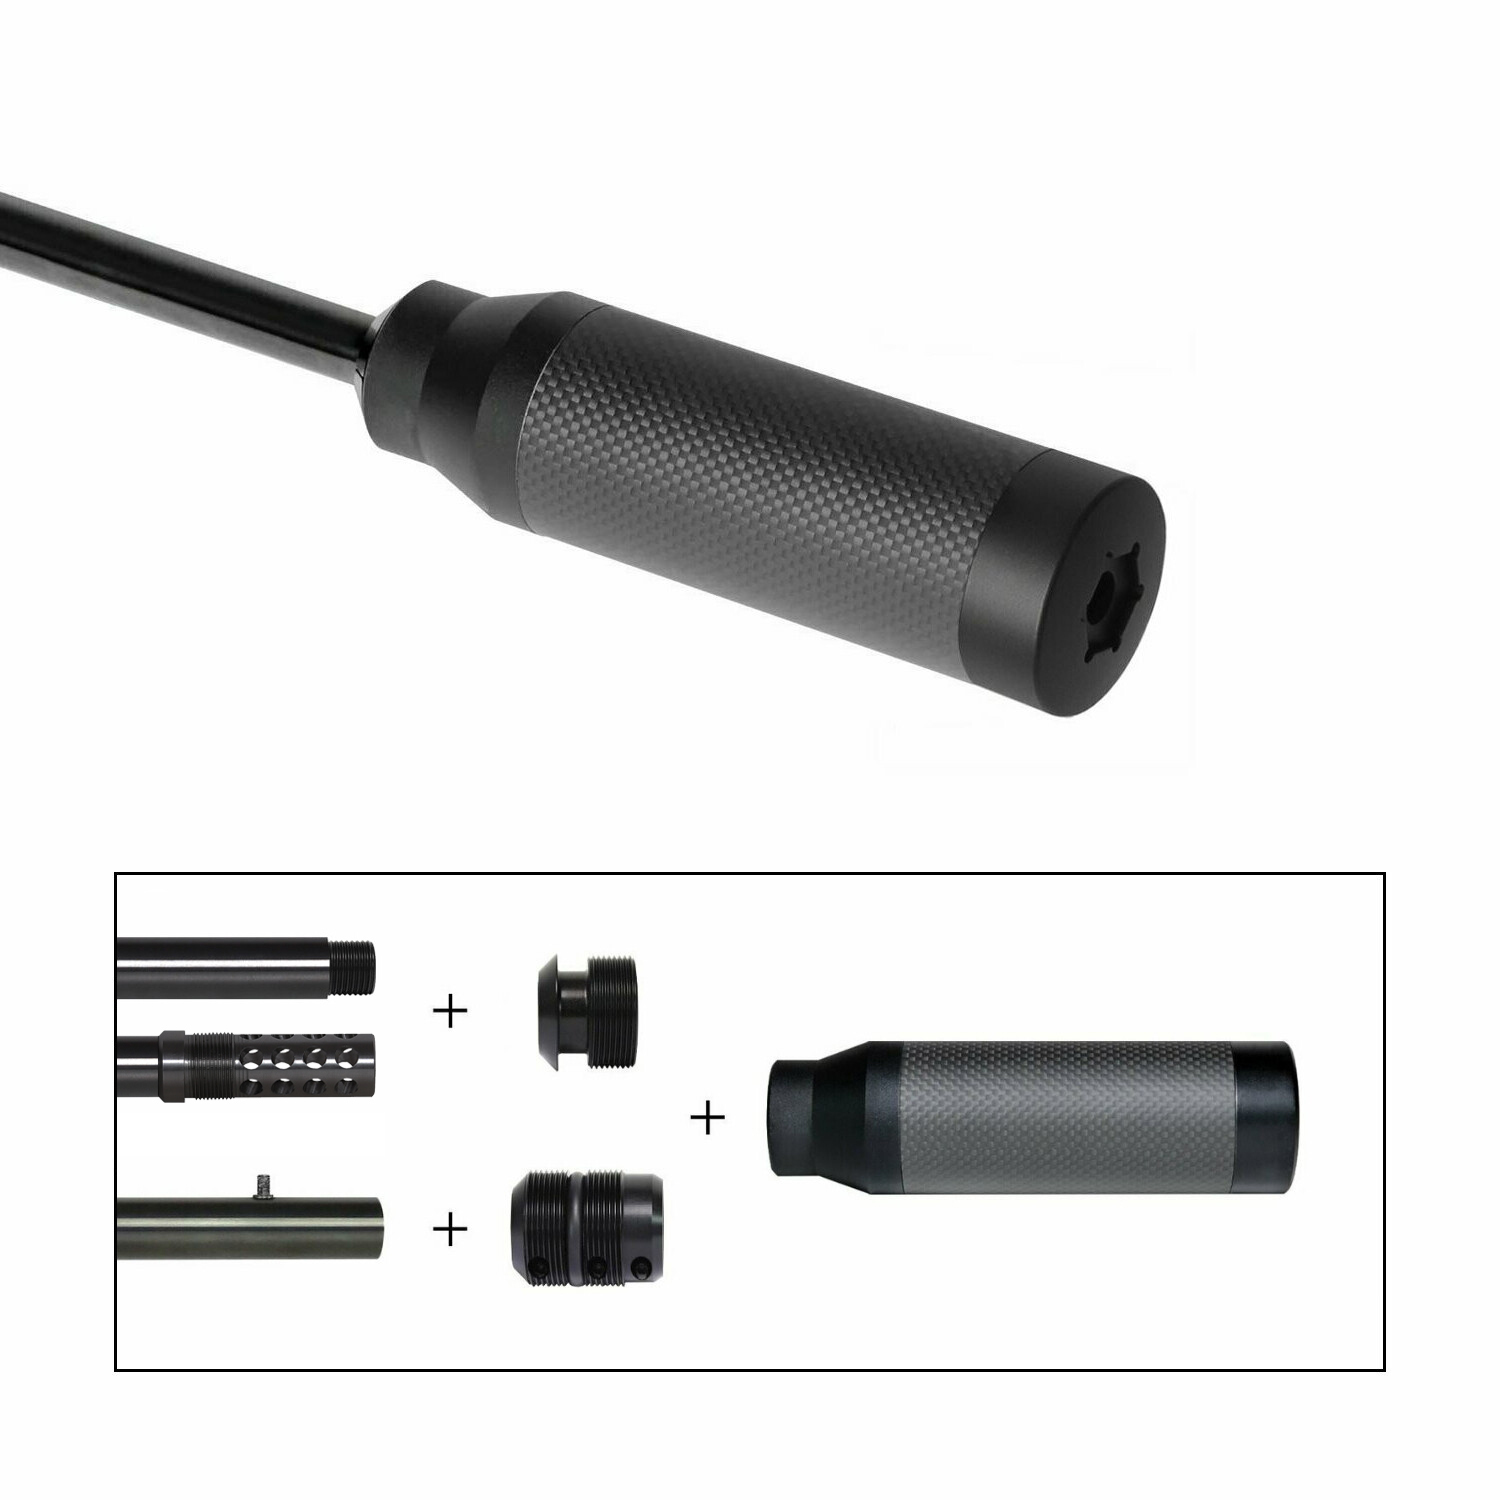 End-Barrel Schalldämpfer JAGD mit Universalaufnahme für Gewinde- oder Klemm- Adapter - Ideal für Kaliber bis 7,62
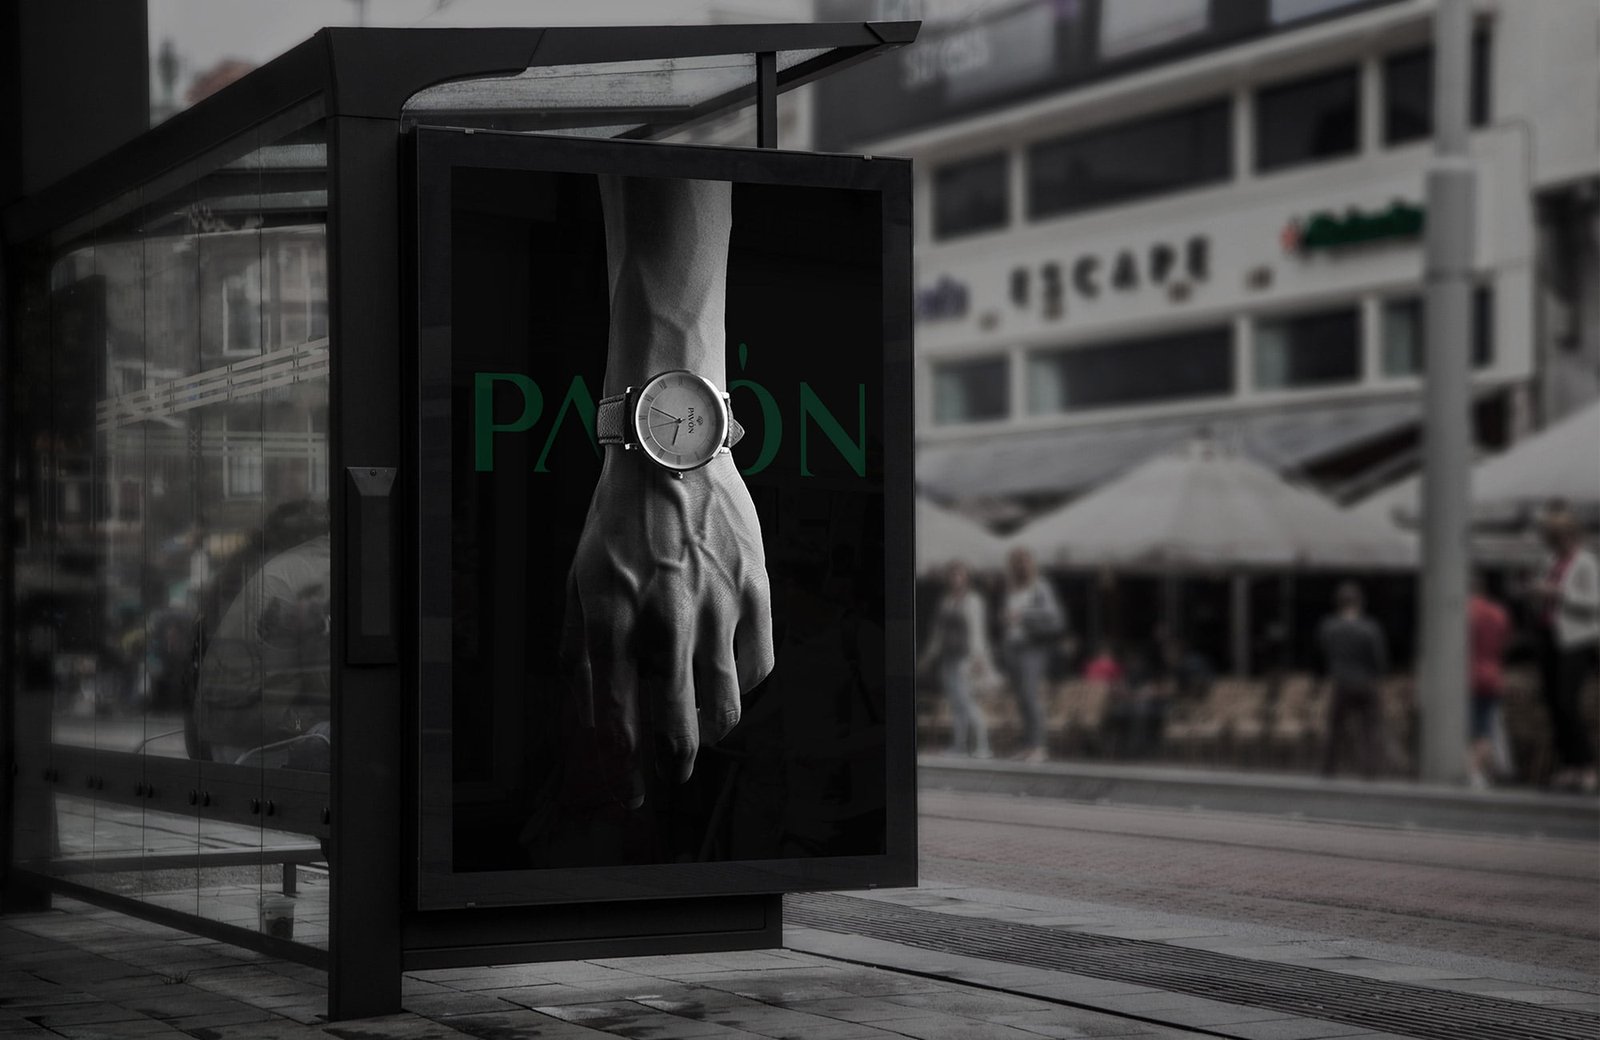 Pavon Watches poster ad design
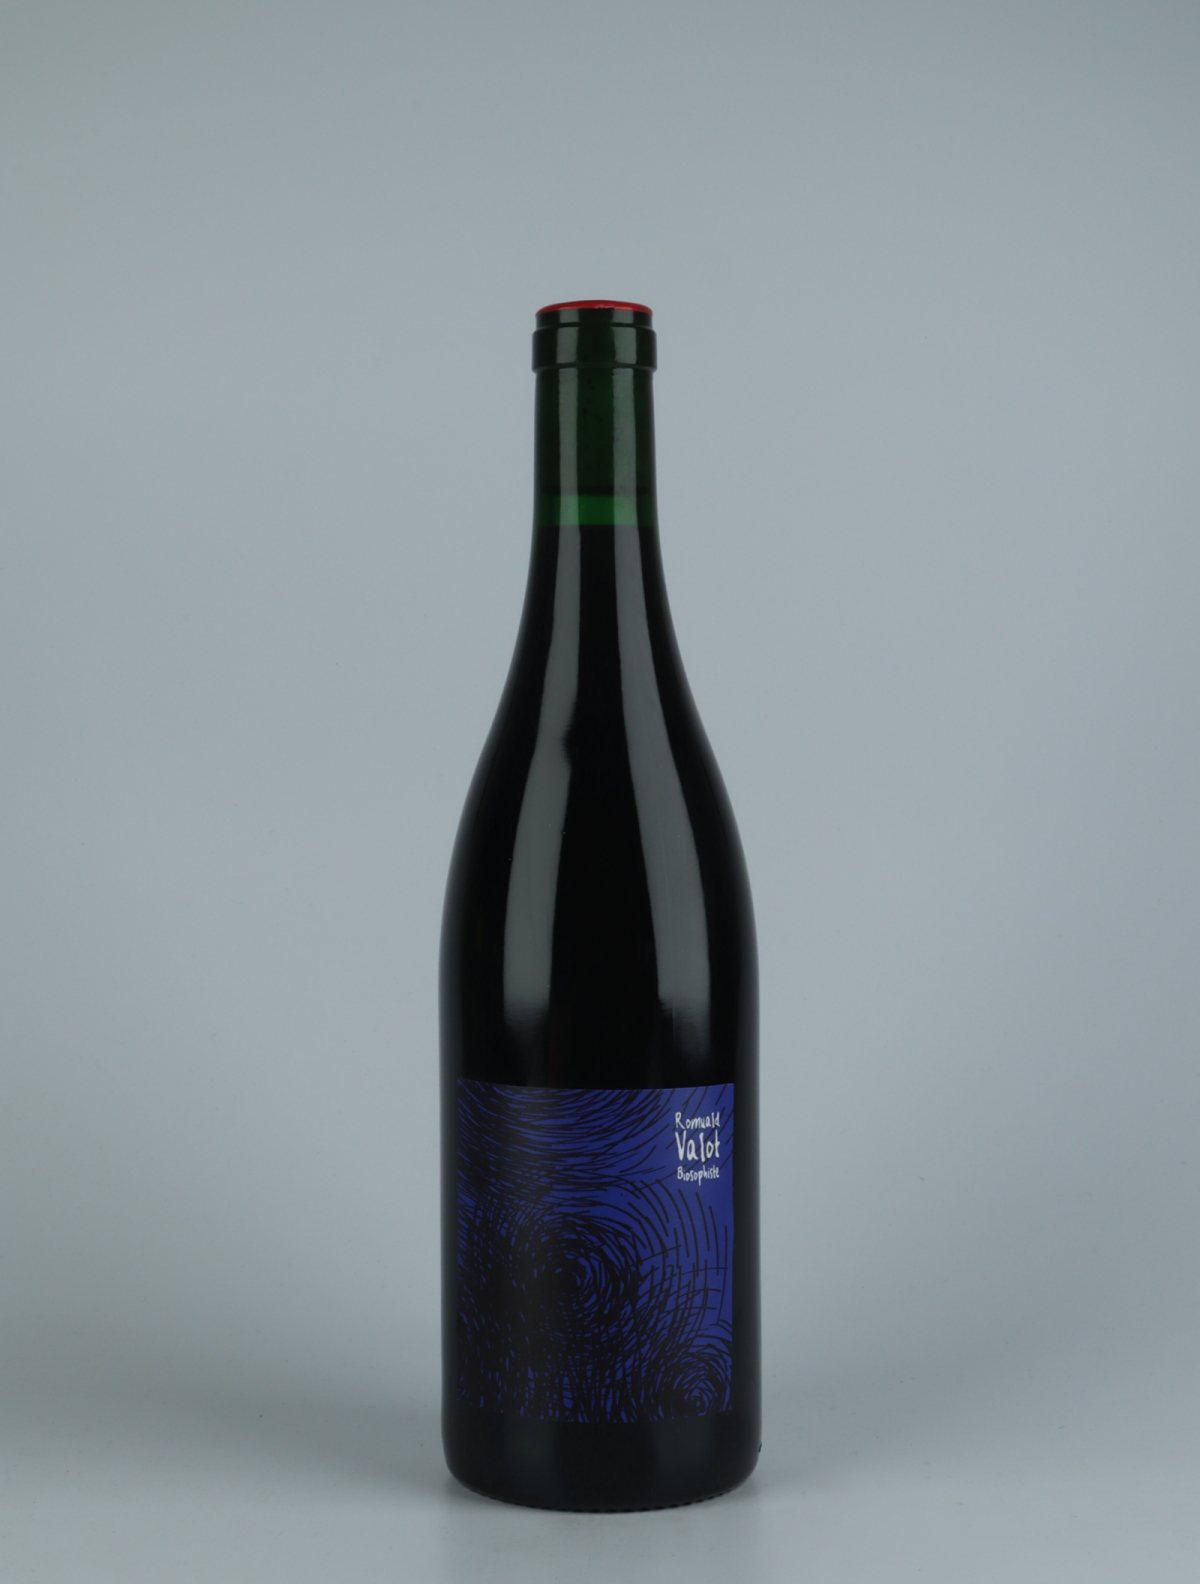 En flaske 2020 Côte de Brouilly Rødvin fra Romuald Valot, Beaujolais i Frankrig
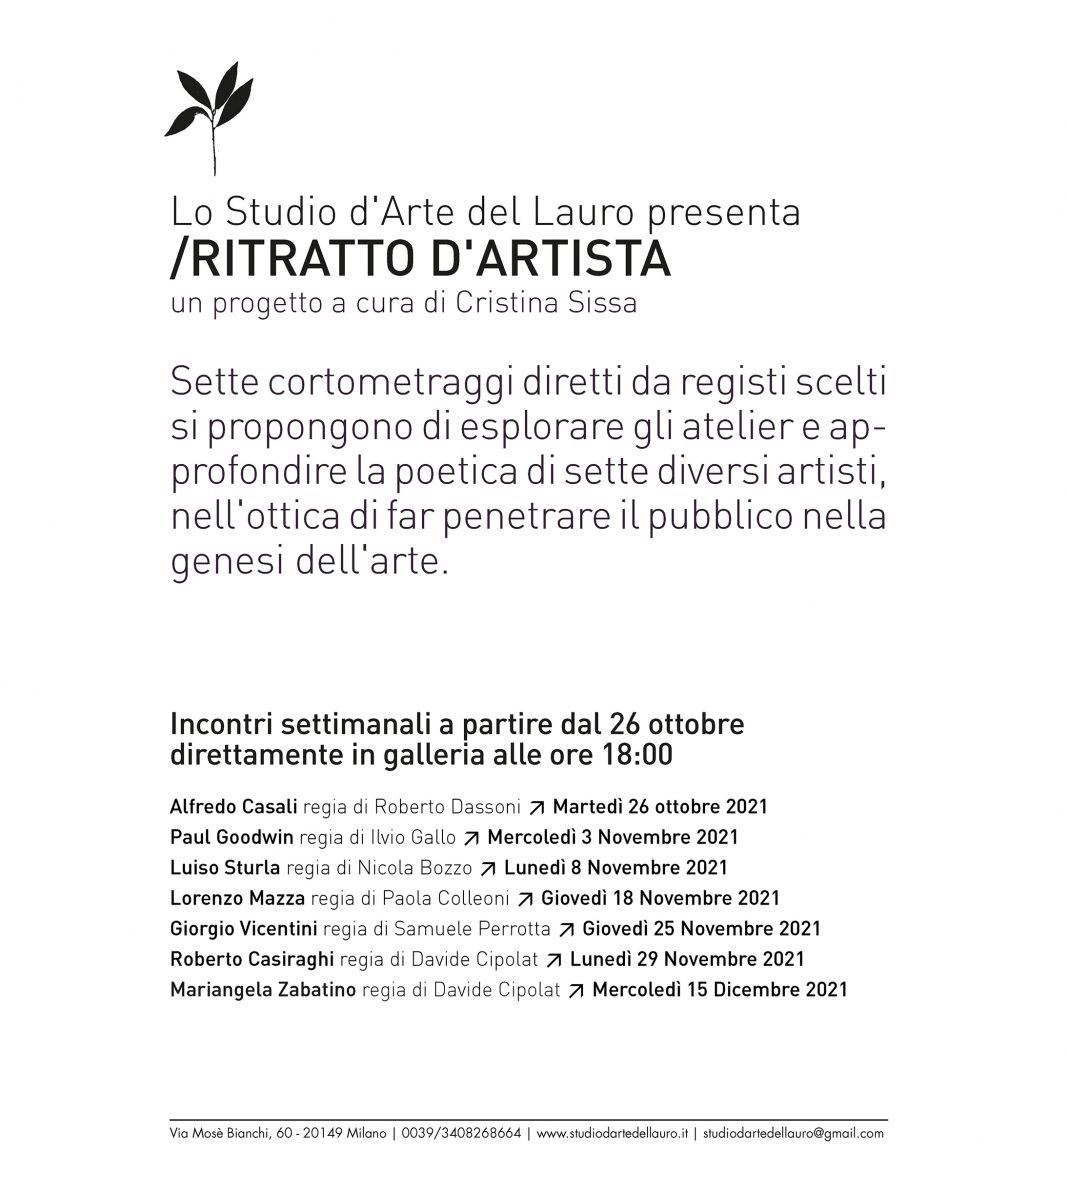 Ritratto d’Artistahttps://www.exibart.com/repository/media/formidable/11/img/2f5/INVITO-Ritratto-dartista-1068x1192.jpg
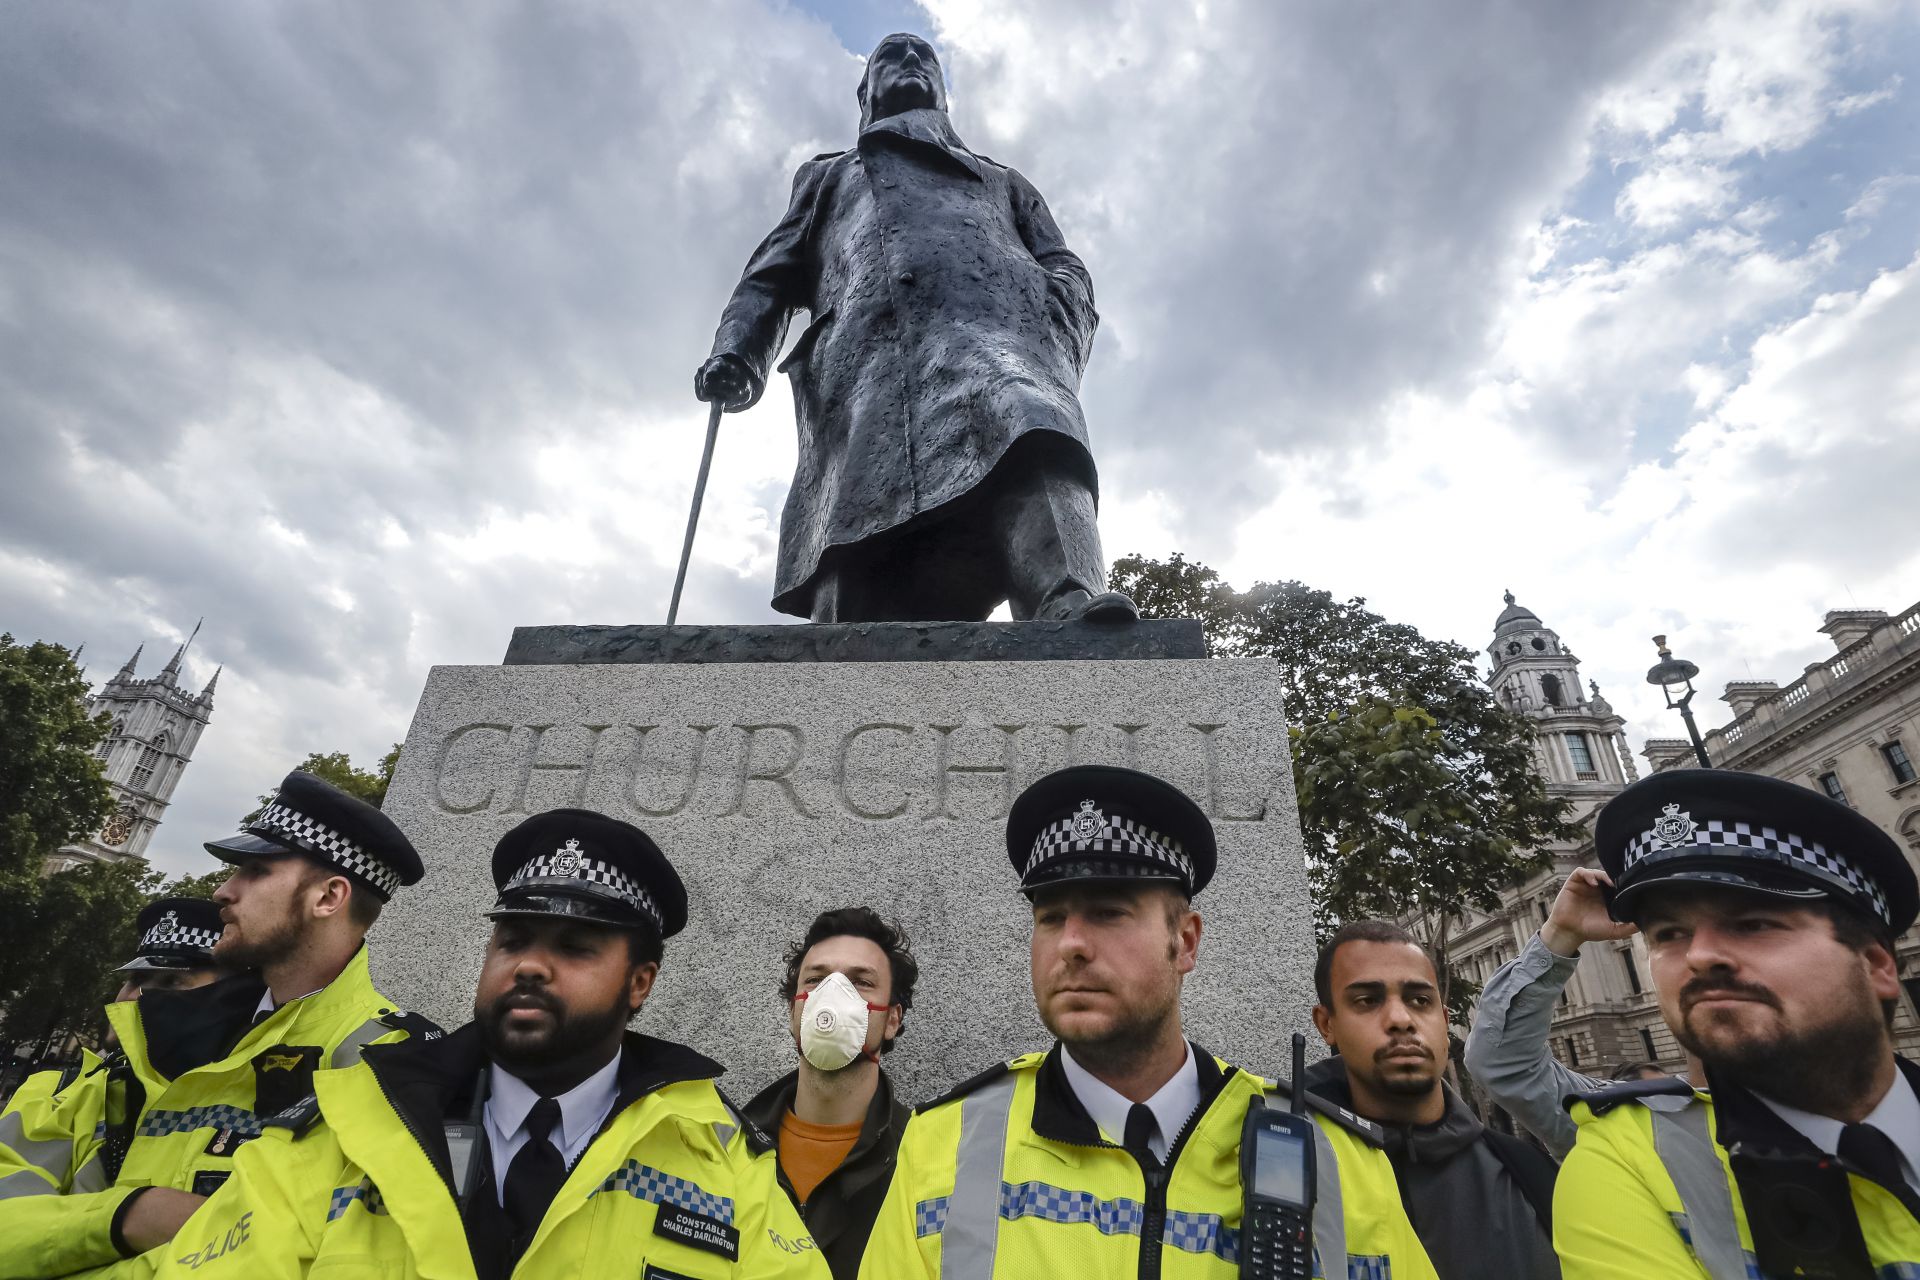 Британски полицаи пазят статуята на Чърчил в Лондон  от протестите  в подкрепа на Black Lives Matter

• [Assignment] Once the line holding "Ritratto d’Art" is found, set down that line and every line after it, exactly, through the last line of the records above, omitting pictures.

• [Response area]
 Ritratto d’Artistahttps://www.exibart.com/repository/media/formidable/11/img/2f5/INVITO-Ritratto-dartista-1068x1192.jpg
 Британски полицаи пазят статуята на Чърчил в Лондон  от протестите  в подкрепа на Black Lives Matter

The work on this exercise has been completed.